THE TASK:
What should be copied is the stretch of entries below from the line with "Oneill Piper Women's" up to and including the line with "medallion gauge wiring", exactly and without images.

STORED DATA:
········
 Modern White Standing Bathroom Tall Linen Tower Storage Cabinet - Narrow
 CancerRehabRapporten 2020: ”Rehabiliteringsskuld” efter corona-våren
········
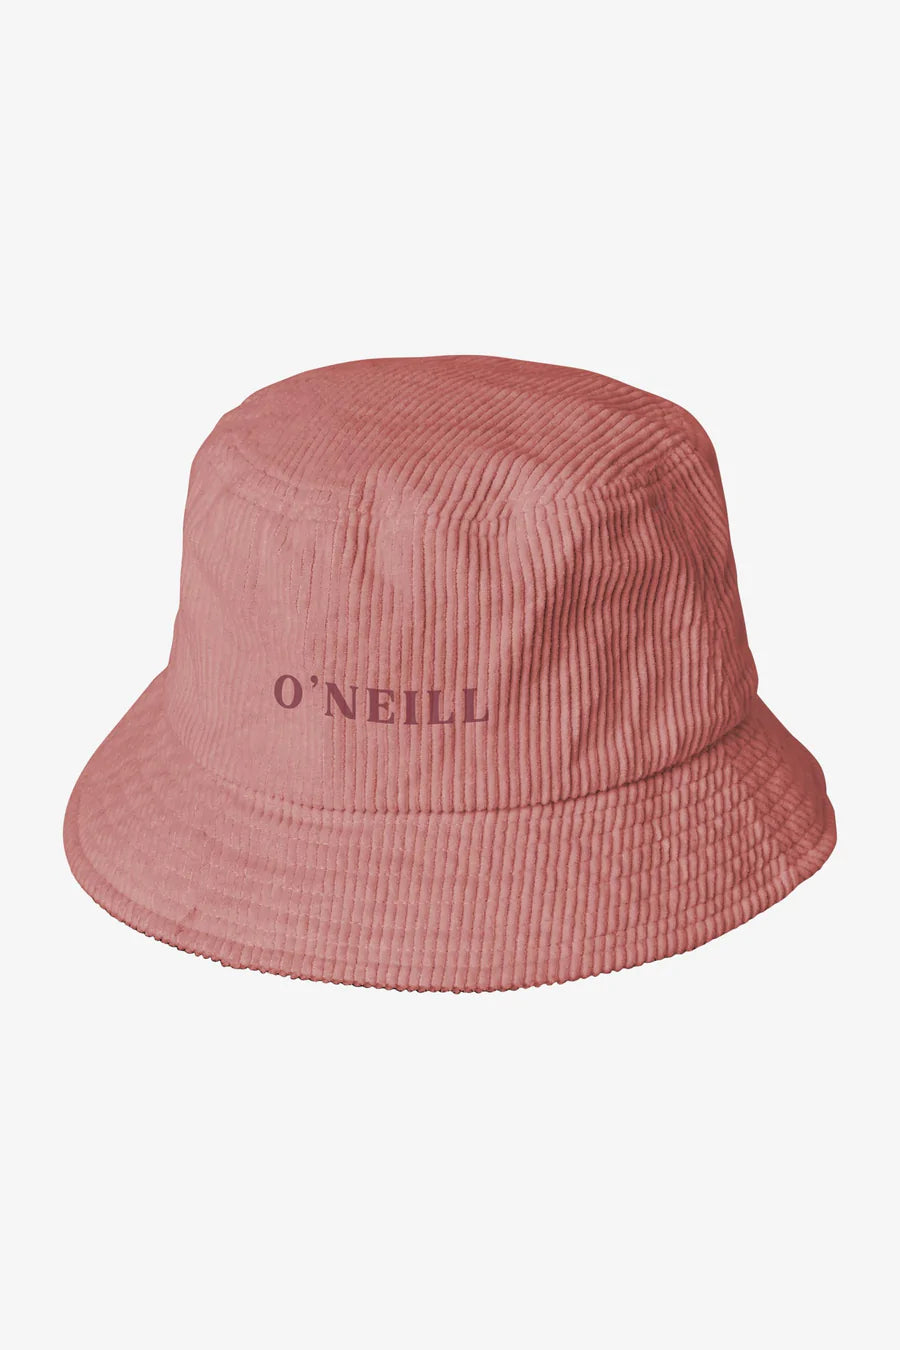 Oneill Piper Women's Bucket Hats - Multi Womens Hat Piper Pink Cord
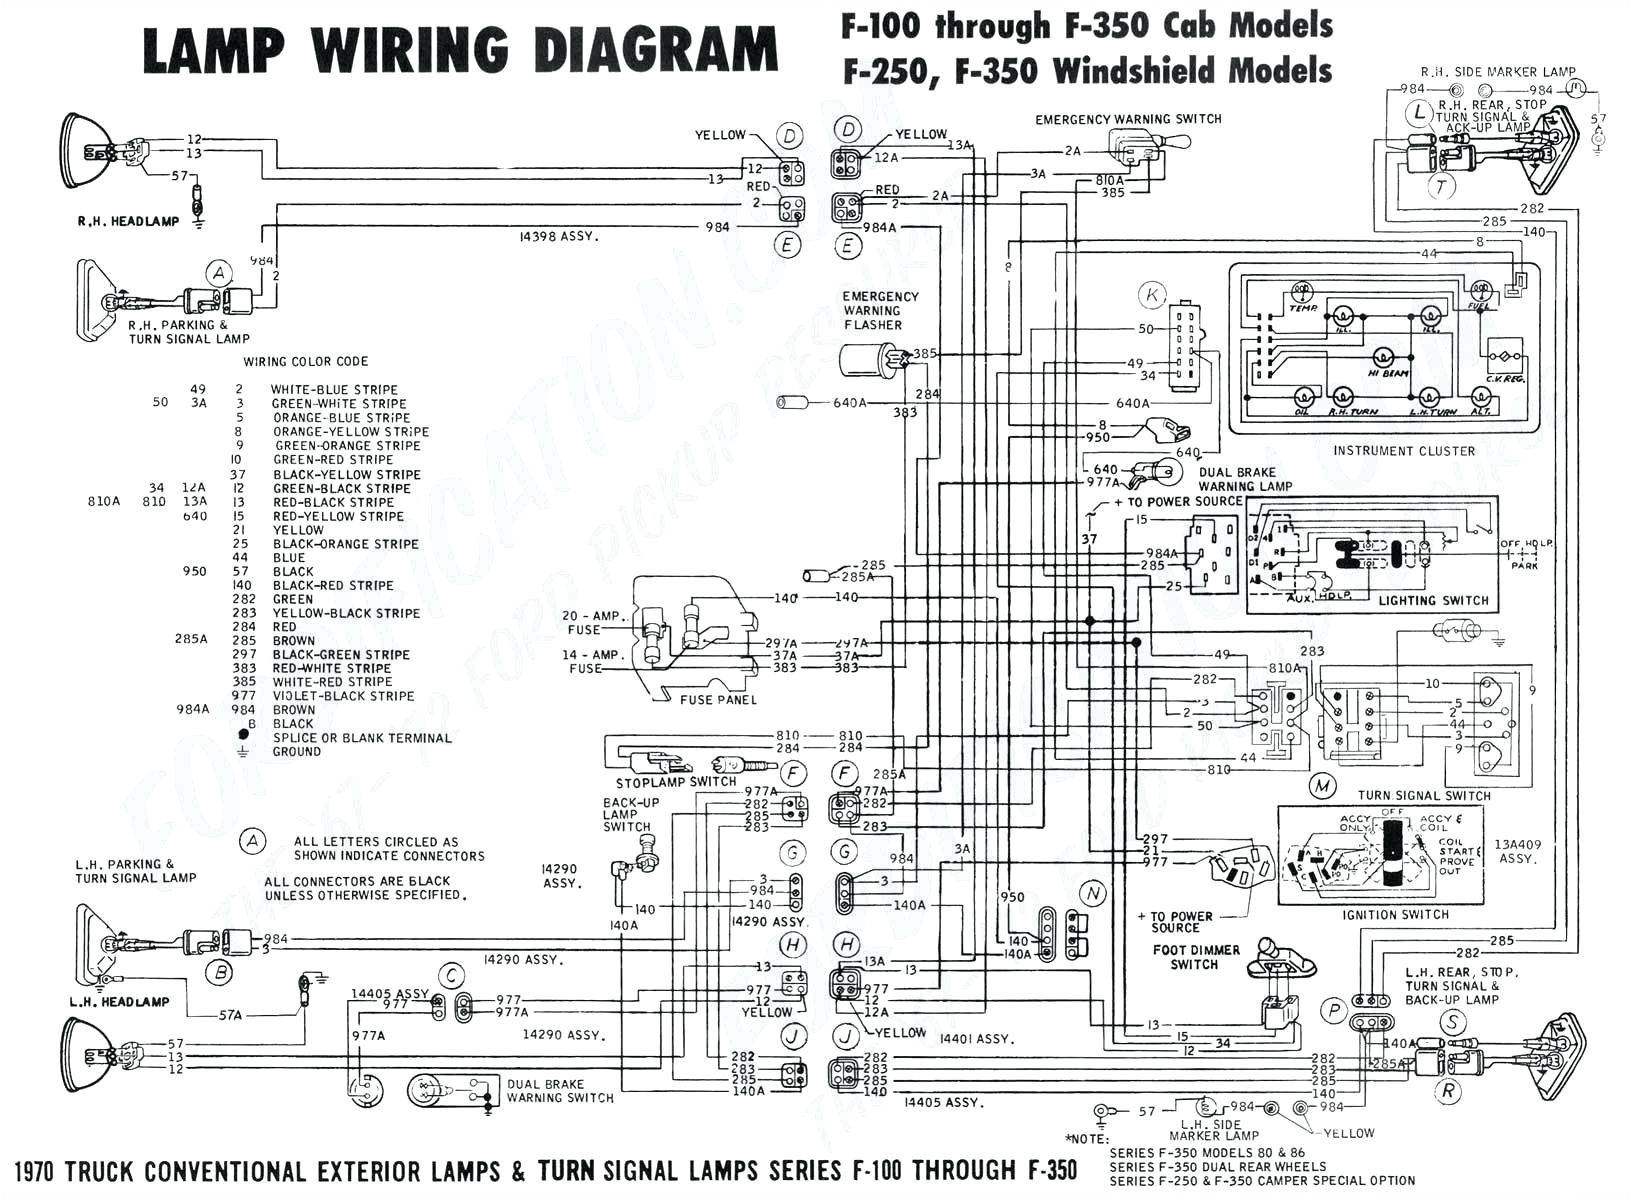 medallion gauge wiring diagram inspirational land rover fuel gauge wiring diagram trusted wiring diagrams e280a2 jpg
········
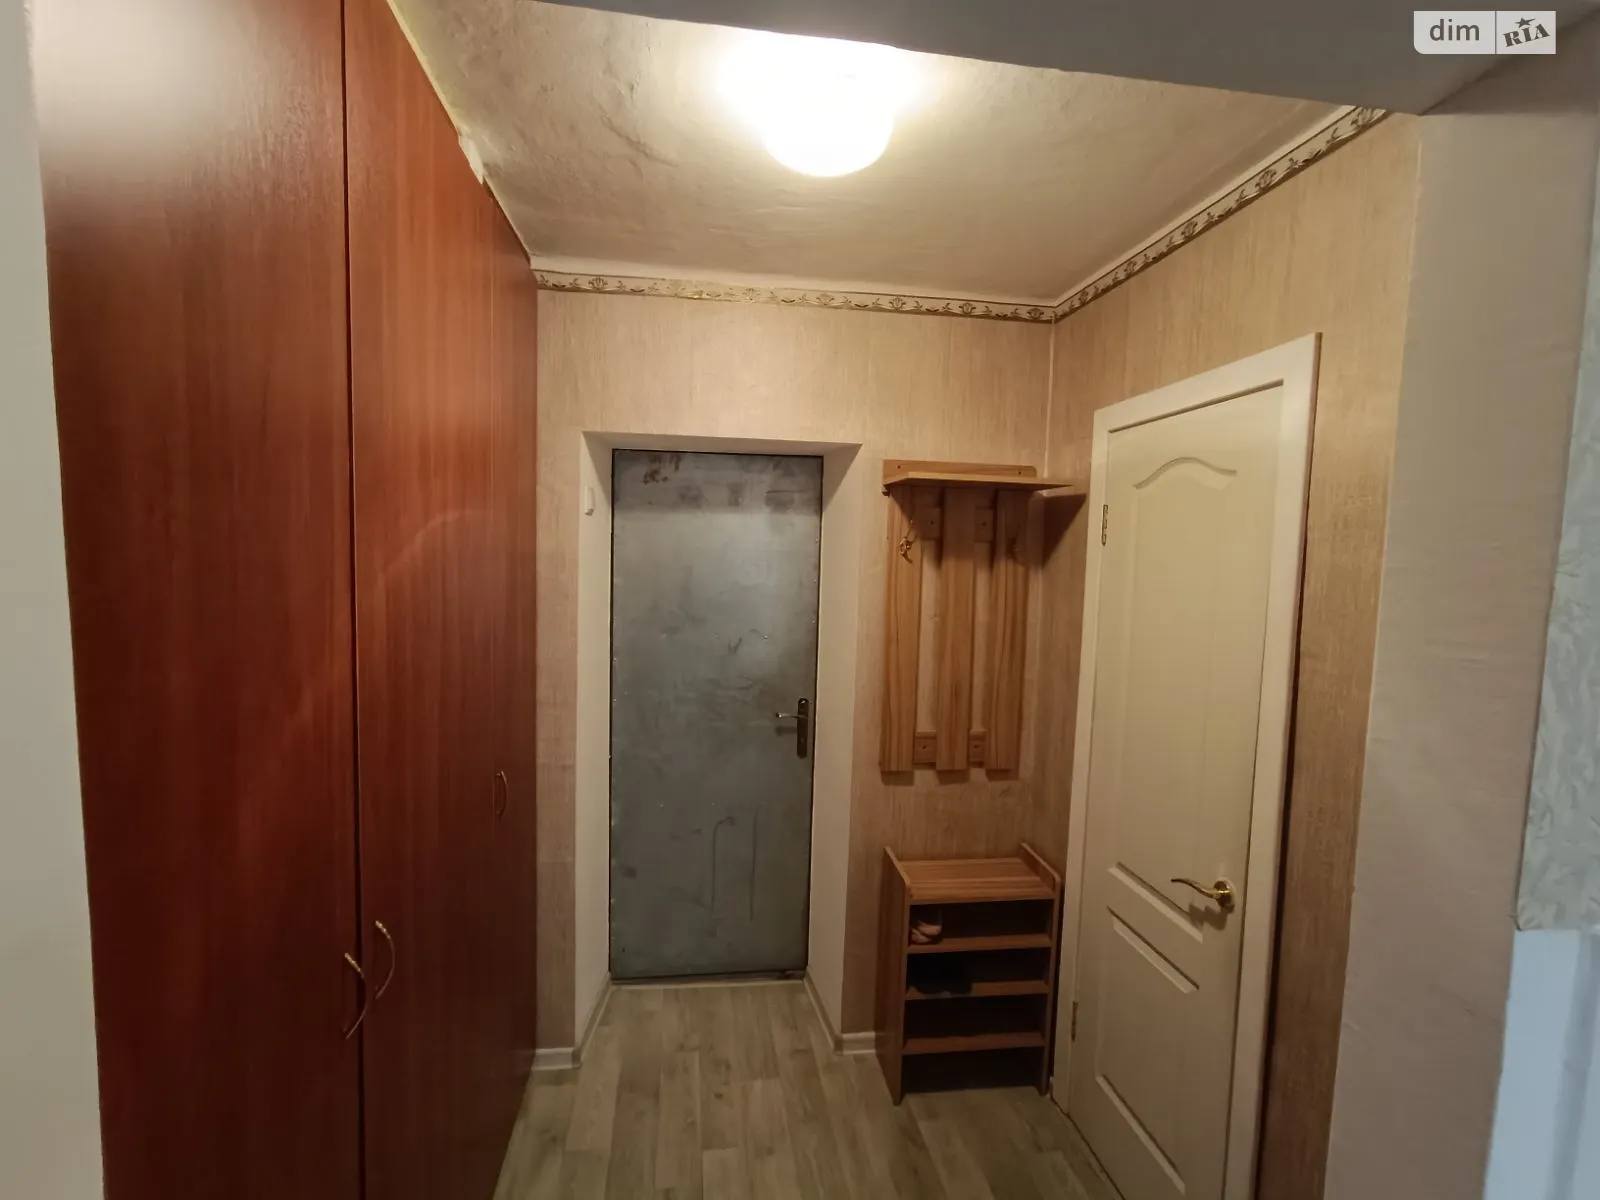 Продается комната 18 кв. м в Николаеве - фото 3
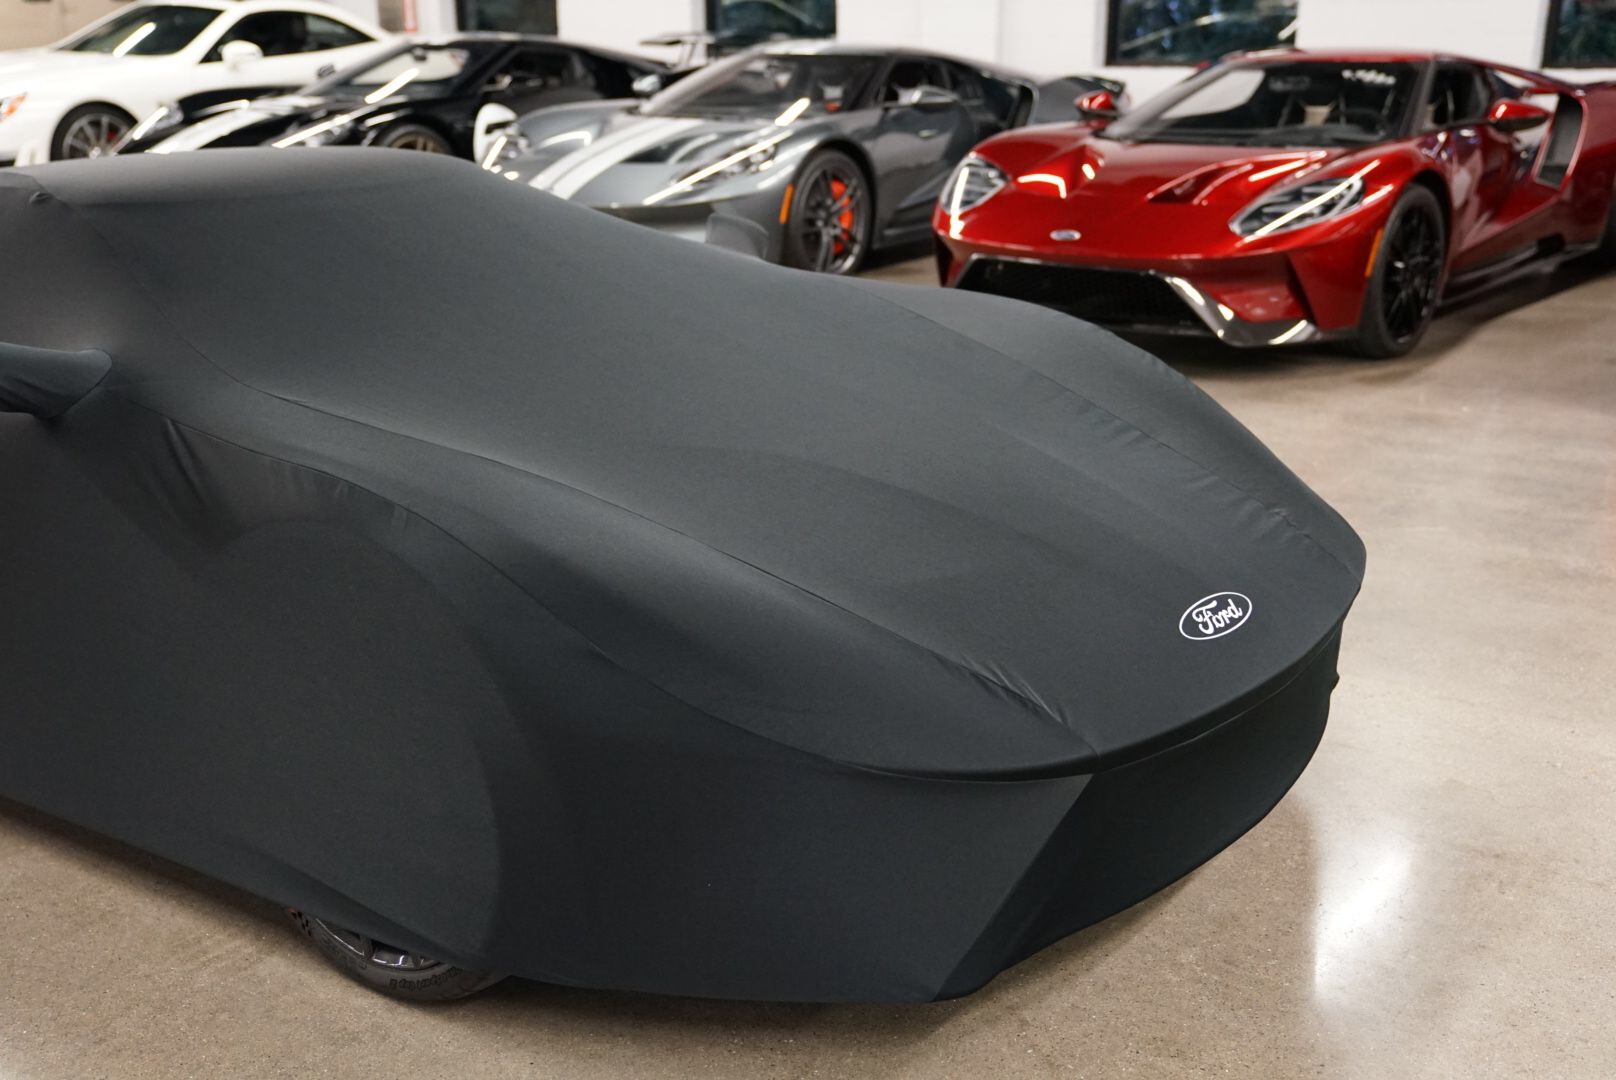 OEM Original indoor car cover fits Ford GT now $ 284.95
········
SOLUTION FOR THIS TASK:
 Oneill Piper Women's Bucket Hats - Multi Womens Hat Piper Pink Cord
 medallion gauge wiring diagram inspirational land rover fuel gauge wiring diagram trusted wiring diagrams e280a2 jpg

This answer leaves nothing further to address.